Presenting literary news from Egypt, USA, Morocco, and Qatar!

We are back with your weekly dose of literary news from around the world. Our very own Jessie Stoolman takes you on a journey through the cultural landscape of Morocco and Qatar. Following, our editor-at-large on the ground Omar El Adl writes about the latest goings-on in Egypt, and last but not least, Reverie Powell brings you the latest from the buzzing literary scene in Texas.

Jessie Stoolman, Editor-at-Large from Morocco, reports from Morocco and Qatar:

The 21st Annual Salon International de Tanger des Livres et des Arts just wrapped up on May 7 after four days of roundtables, workshops, concerts (including the iconic Moroccan rock band, Hoba Hoba Spirit), and appearances from world-renowned authors like Mohamed Kacimi (featured in our latest issue), Sapho, and Tahar Ben Jelloun (Prix Goncourt winner).  In conjunction with the book fair, Darna Theater’s Dakirat al Mostakbal – Memoires d’Avenir presented “Nous Sommes”, a piece outlining the lives of two young Moroccans that asks “[s]ommes-nous condamnés à n’être que ce que l’on nous sommes d’être?” Darna Theater is a local non-profit situated outside Tangier’s old city that provides community members opportunities in drama education. “Nous Sommes” was presented in both French and Darija (Moroccan Arabic.)
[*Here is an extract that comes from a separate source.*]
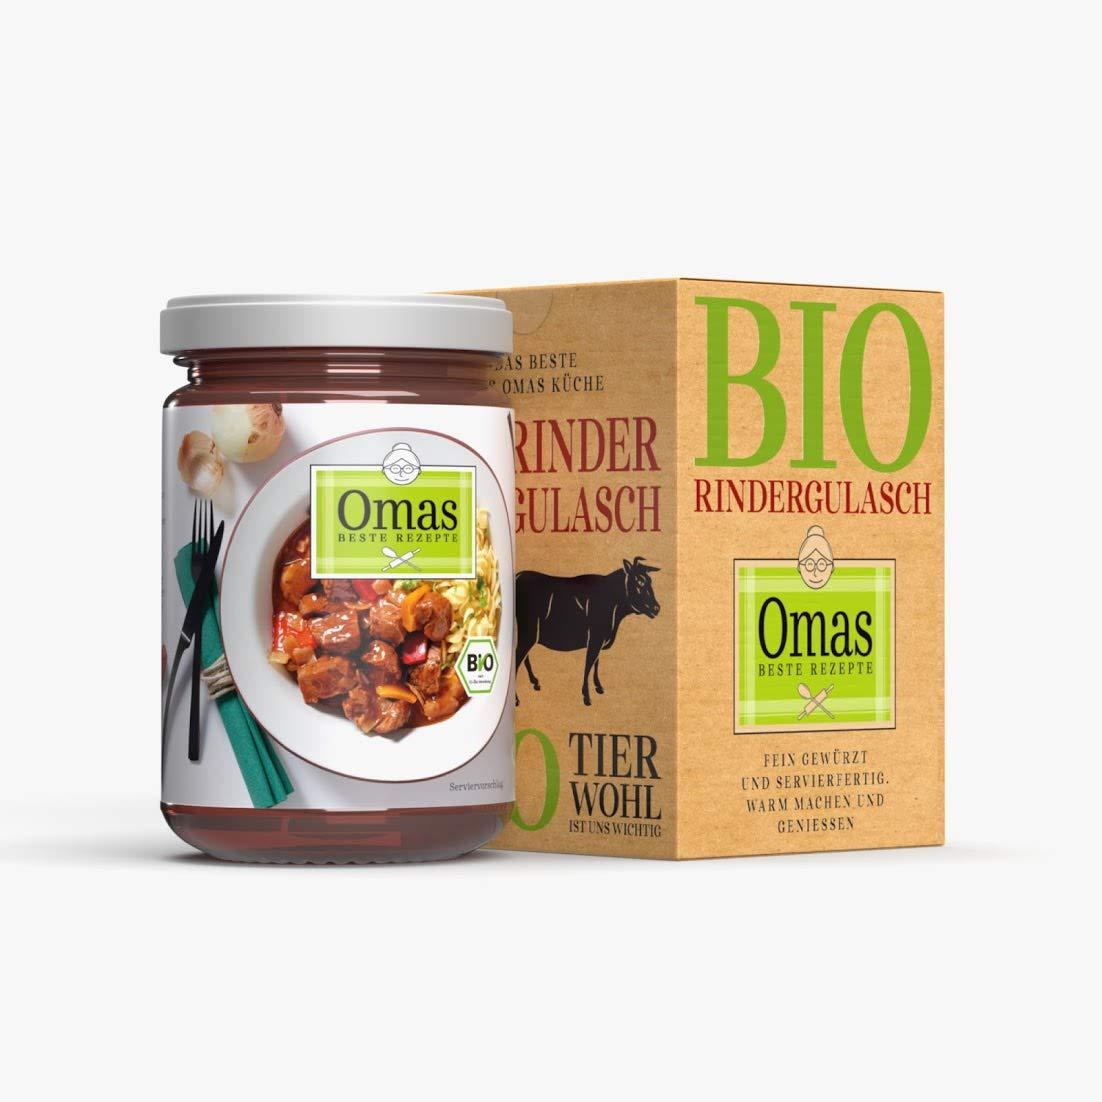 Omas beste Rezepte: Bio Rindergulasch
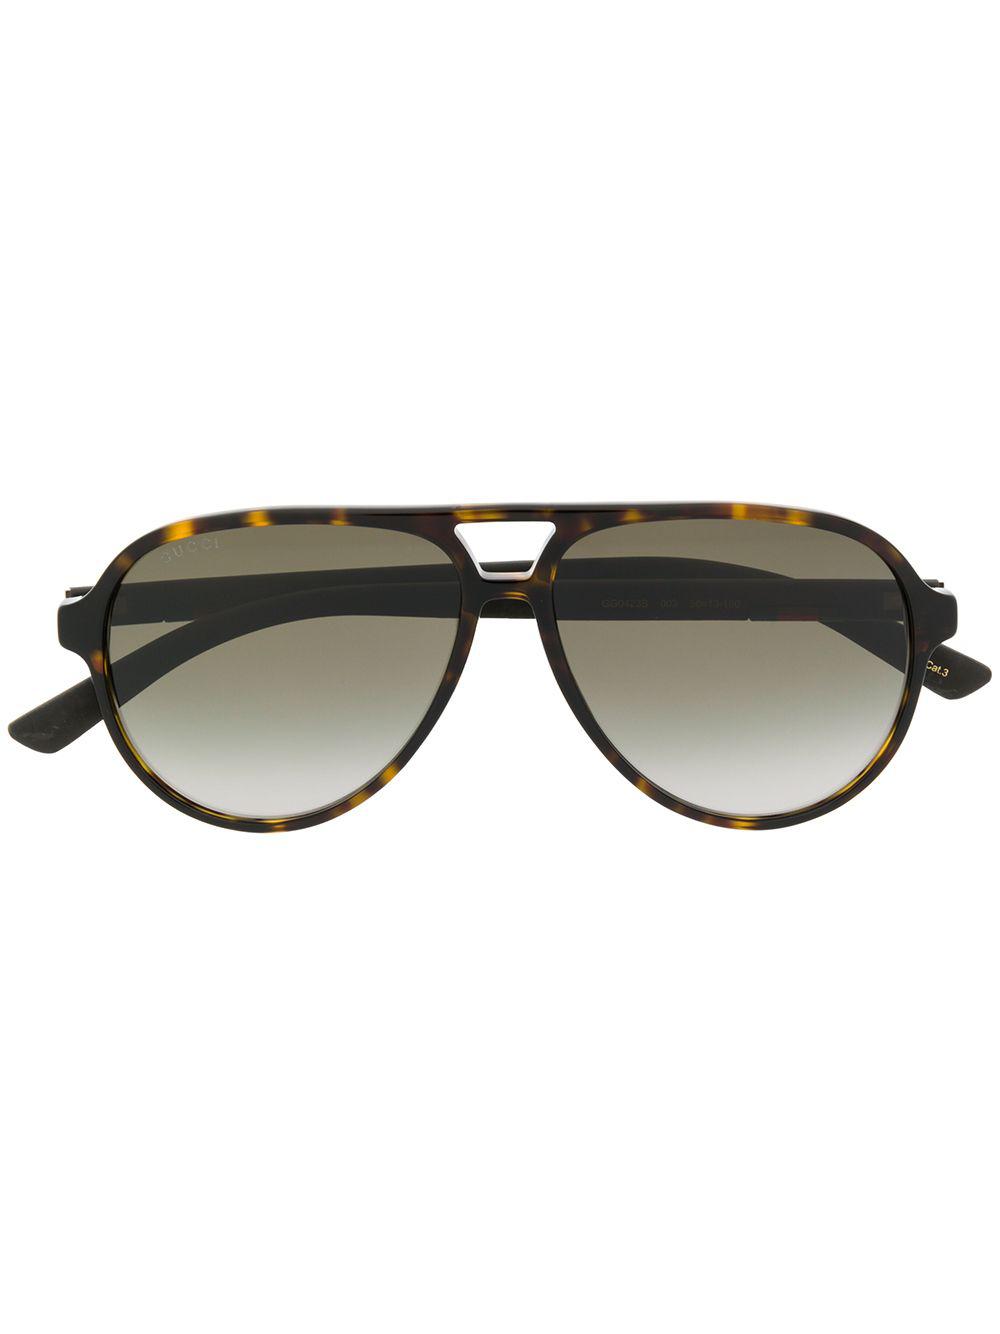 e83d5685d0b Gucci Eyewear Tortoiseshell-Effect Aviator Sunglasses - Brown

Don’t fret if you weren’t able to attend the book fair because there is still a chance to see Abdellah Taïa at the Librairie des Colonnes in Tangier on May 9, where he will present a brand-new translation of his novel, Un pays pour mourir, into Arabic (بلد للموت).  At the book fair, Taïa gave a conference about his writing and the difficulties facing society today which was structured as a conversation between him and young Tangerines. Taïa’s letter “Homosexuality Explained to My Mother” and an interview with the author appeared in Asymptote’s July 2012 issue.